As the Toyota mess continues to snowball, it’s clear at least a few people got sloppy there and that has led to the recall of nearly ten million vehicles. On the other side of the globe, internet powerhouse Google also got called out for making a big mistake with the launch of its new social networking site Buzz, as an explicit effort to compete with Twitter and Facebook. But Google’s mistake was very different.
With Twitter and Facebook, people have to explicitly reach out to “follow” or “friend” a person in Twitter and Facebook, respectively. And with varying degrees, once you are a friend or a follower on those sites, you can see who else has been “approved” by the user as a friend or a follower. Google decided to skip that step for Buzz users, in part because they “could” in the sense that Buzz is connected to a person’s G-mail account and the G-mail account has the names and e-mail addresses of all of the people you contact on G-mail. So G-mail decided that for everyone who opted into Buzz, they would automatically connect users in the friend/follow sense with their most frequently contacted G-mail contacts. In a certain sense they did it because they could, the technology was there. It harkens back to the old British explorer George Mallory who was one of the first people to try to climb Mount Everest, and when asked why he was doing it, he replied “because it’s there.”
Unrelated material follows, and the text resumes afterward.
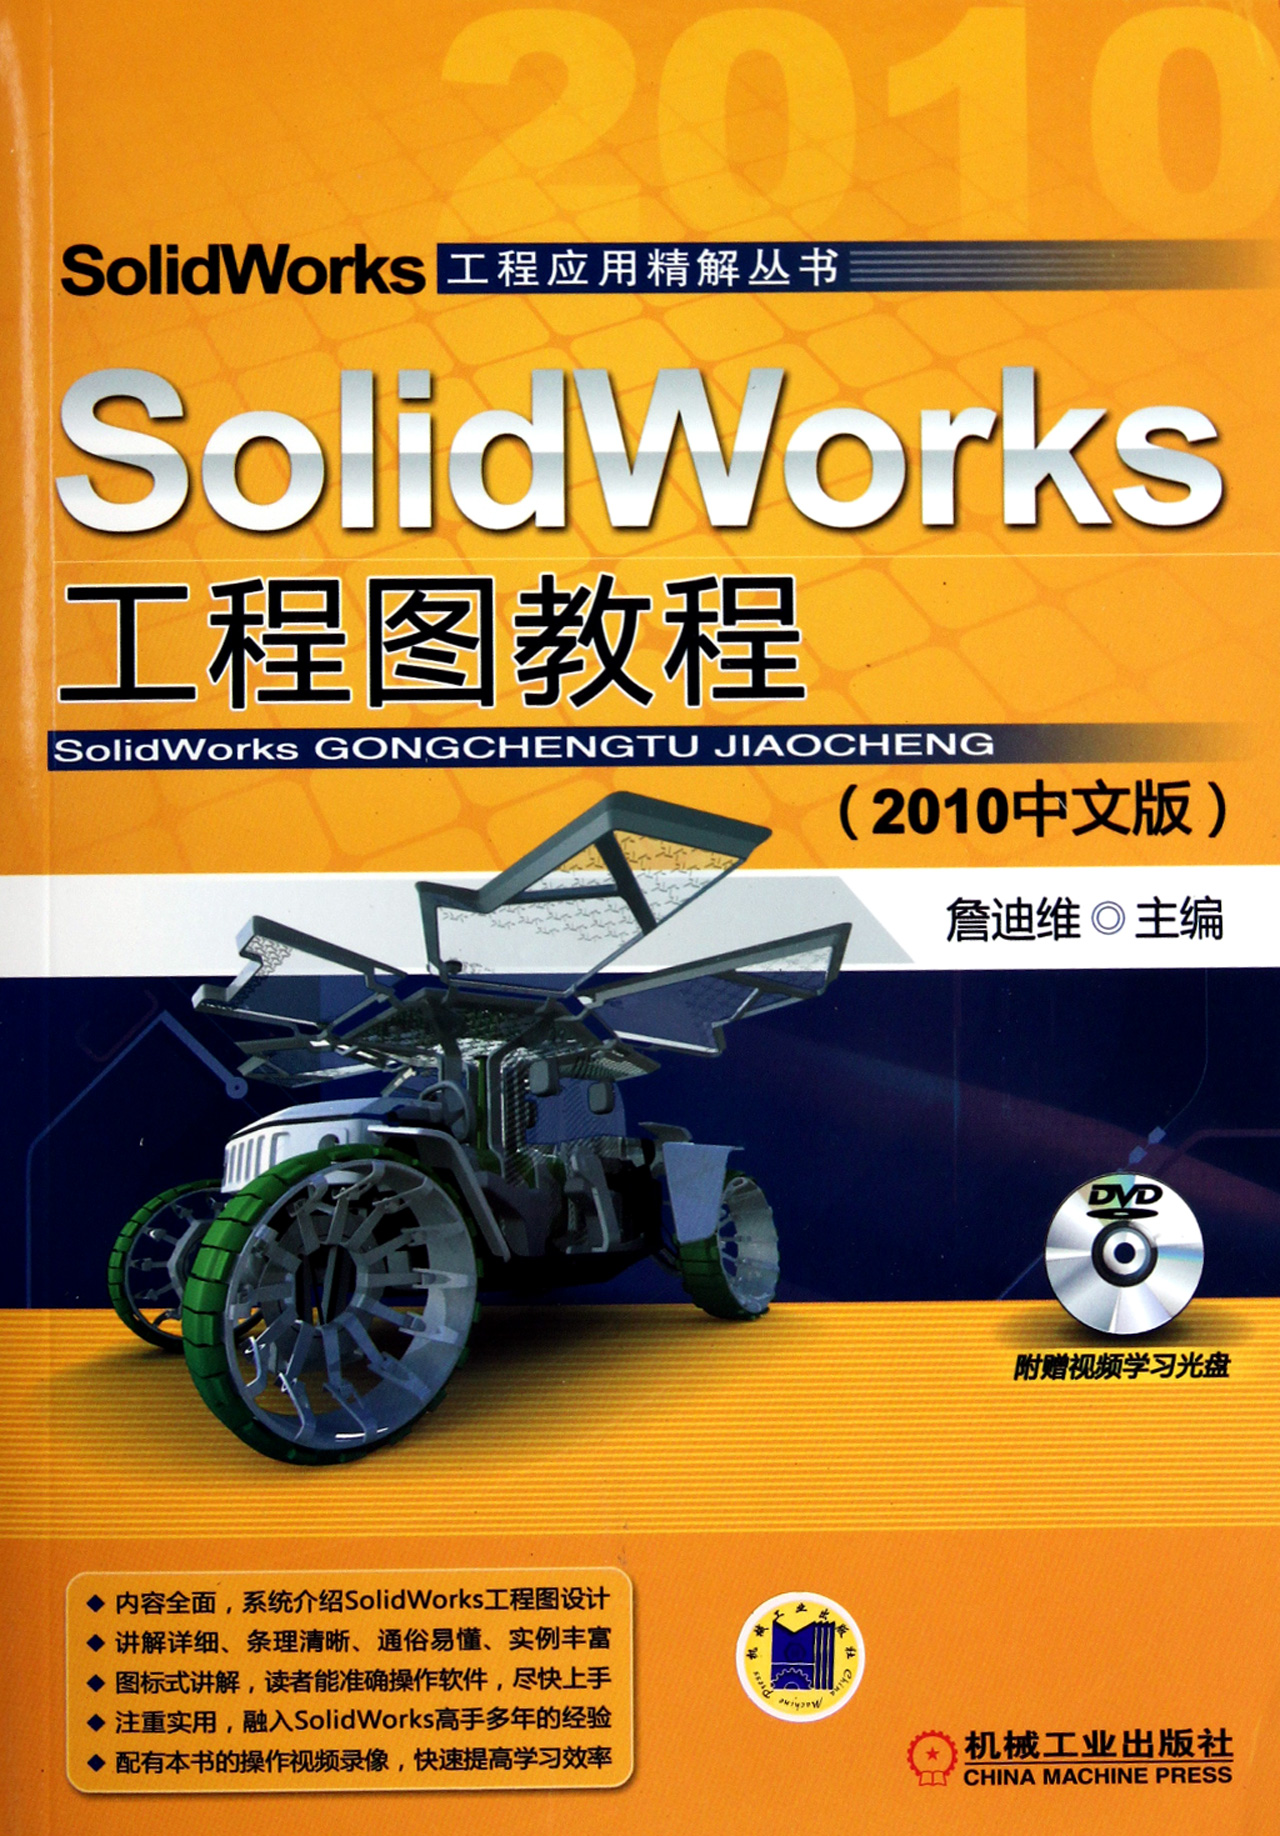 SolidWorks工程圖教程(機械工業出版社2010年11月版圖書)

This happens to be a vivid example of a spectacularly bad decision to use technology “because it’s there.”
In Rethink I talk at length about the importance of being in touch with what your customer values, and what they don’t value, and in 2010, irrespective of customer segment by age, socioeconomic grouping, height, hair color, you name it – privacy is one of the top two or three things you cannot mess with. Somehow Google overlooked this one and apparently inferred that users would like this feature, but the gigantic uproar last week proved otherwise.
They seem to think that now that they have fixed this problem, they are asking the tens of millions of people who opted in to the Buzz service to opt in again. I did last week, but I am not going back anytime soon. It will be a case study for the ages watching whether the Google brand is going to trump the mistake, or if the mistake will be like Odwalla’s E. coli mess in the mid-90s where they lost the trust of their customer and it took more than a decade to rebuild that trust.
I am going to tweet this post now . . .
-Ric
P.S. I do have to wonder if George Mallory’s nickname was G-mall.